A NEAT “SHOULD I EXERCISE TODAY…and HOW MUCH” TIP:
Ideally, we should be so in tune with our body (from being ‘self-referral’ / listening to our body), that we ‘just know’ when & how much to exercise.
However, a good objective way to guide you is through your ‘waking’ heart rate.
Your WAKING HEART RATE.
Your waking heart rate (WHR) is a good general indication of the general state of your body. You will find over time that with exercising regularly, your waking heart rate will decrease indicating a more efficient cardio vascular system.
Measuring your waking heart rate each morning helps you decide on your most appropriate exercise regime for the day. If your WHR increases above it’s average this indicates that your body is working harder to maintain it’s internal homeostasis (eg fighting off some virus or releasing some stress etc).
You can help by letting it divert your internal resources to the problem.
If your waking heart rate increases by more than 5 bpm – take it easy, do not exercise hard.
If your waking heart rate increases by more than 10 bpm – respect your body, do not exercise at all.
HOW TO TAKEYOUR PULSE/WAKING HR:
1. Upon first ‘waking’ in the morning, locate either your Carotid Pulse (in your neck, just around from your adam’s apple),
or your Radial Pulse (on wrist, just below the bony protuberance).

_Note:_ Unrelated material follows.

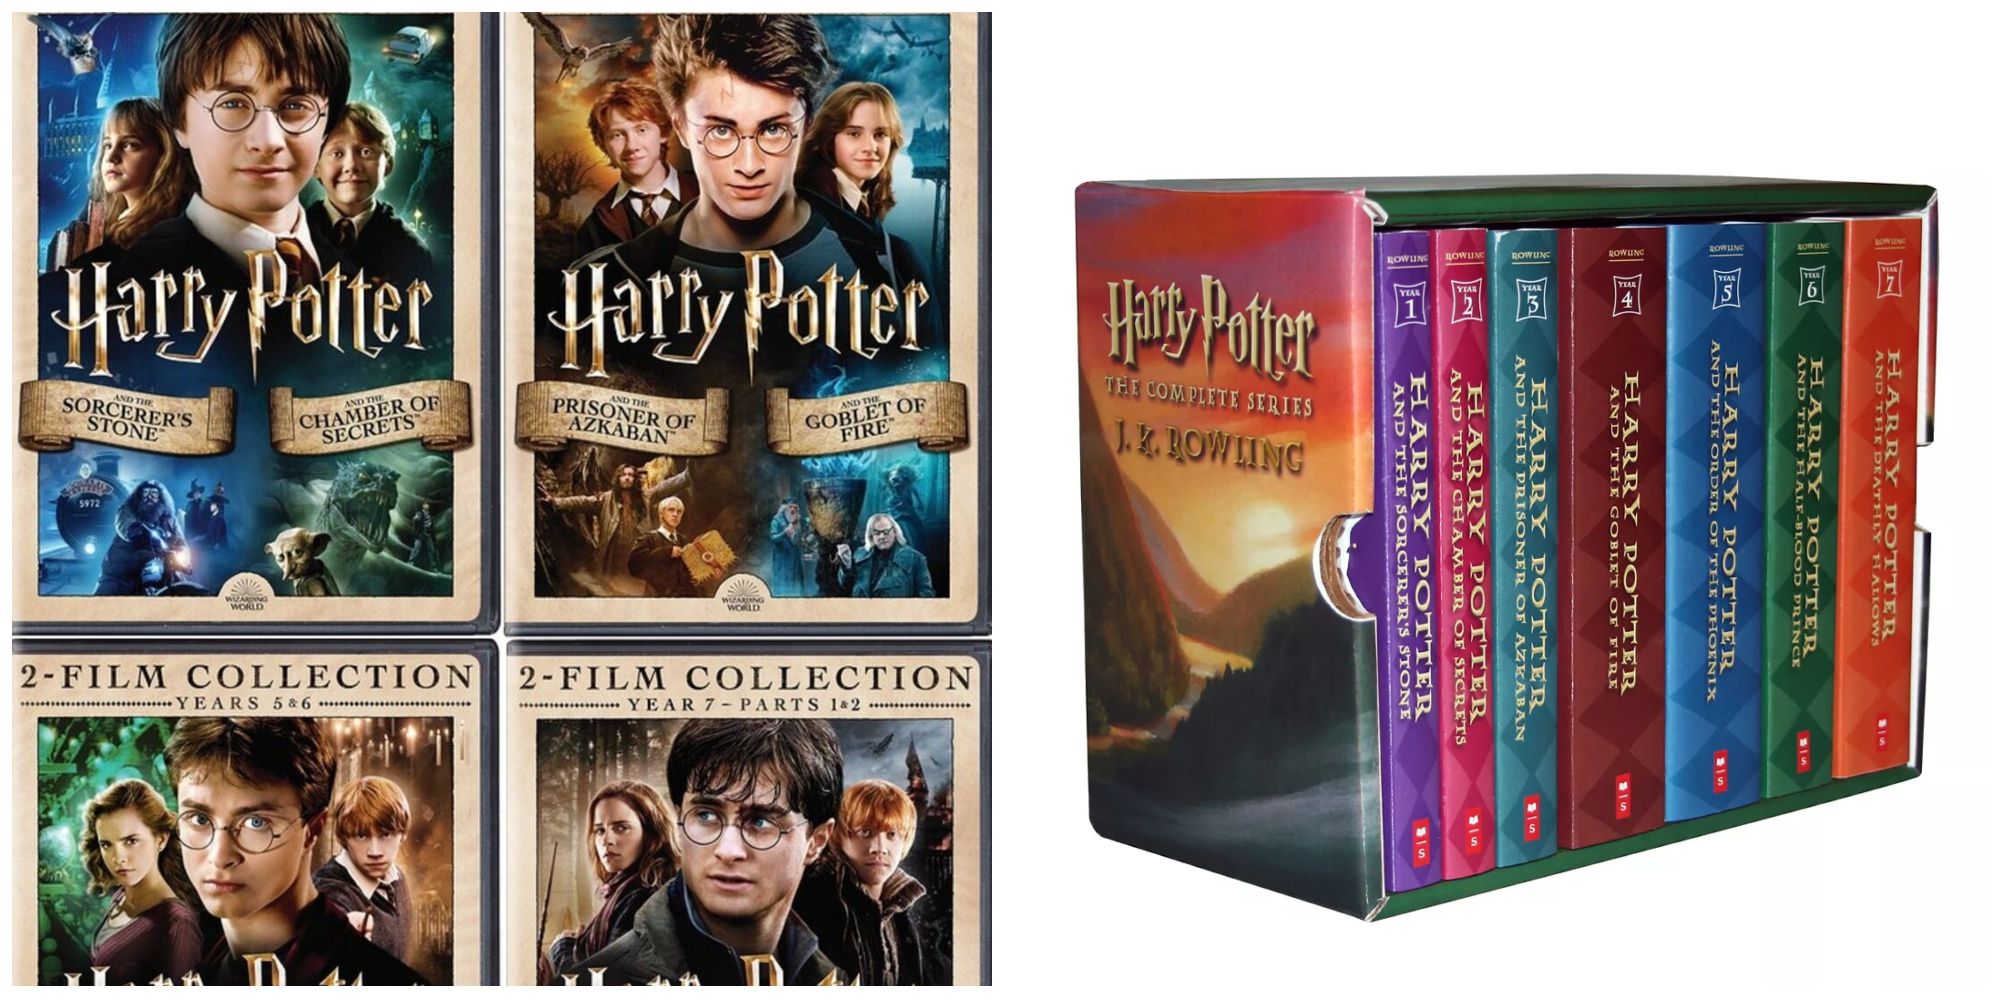 Harry Potter dvd set and book set

2. Count the number of times your heart beats in one minute (or the number of beats in 30 secs and multiply by two). This is your waking heart rate. Write this figure on a sheet.
3. Record your waking heart rate for at least 1-2 weeks initially for best results, as waking heart rate can vary slightly due to other factors such as bladder volume, sleep/wake cycles etc
* For a fortnightly HR recording table, email us at mailto:
* Note: for reliable results, it must be your ‘waking’ HR, not merely a ‘morning’ HR (i.e whenever you think of it).
LAUGHTER MEDICINE: Speaking of Keeping Fit:
“Look at ME!!” boasted the fit old man, pounding a very flat and firm stomach, having just finished 100 sit-ups before a group of young people.
“Fit as a fiddle! And you want to know why?? I don’t smoke, I don’t drink, I don’t stay up late, and I don’t chase after loose women!!”
He smiled at them, teeth white, eyes a glitter, “And tomorrow, YAHOO, I’m going to celebrate my ’95th’ birthday!!!”
“Oh, really?” drawled one of the young onlookers, “How?”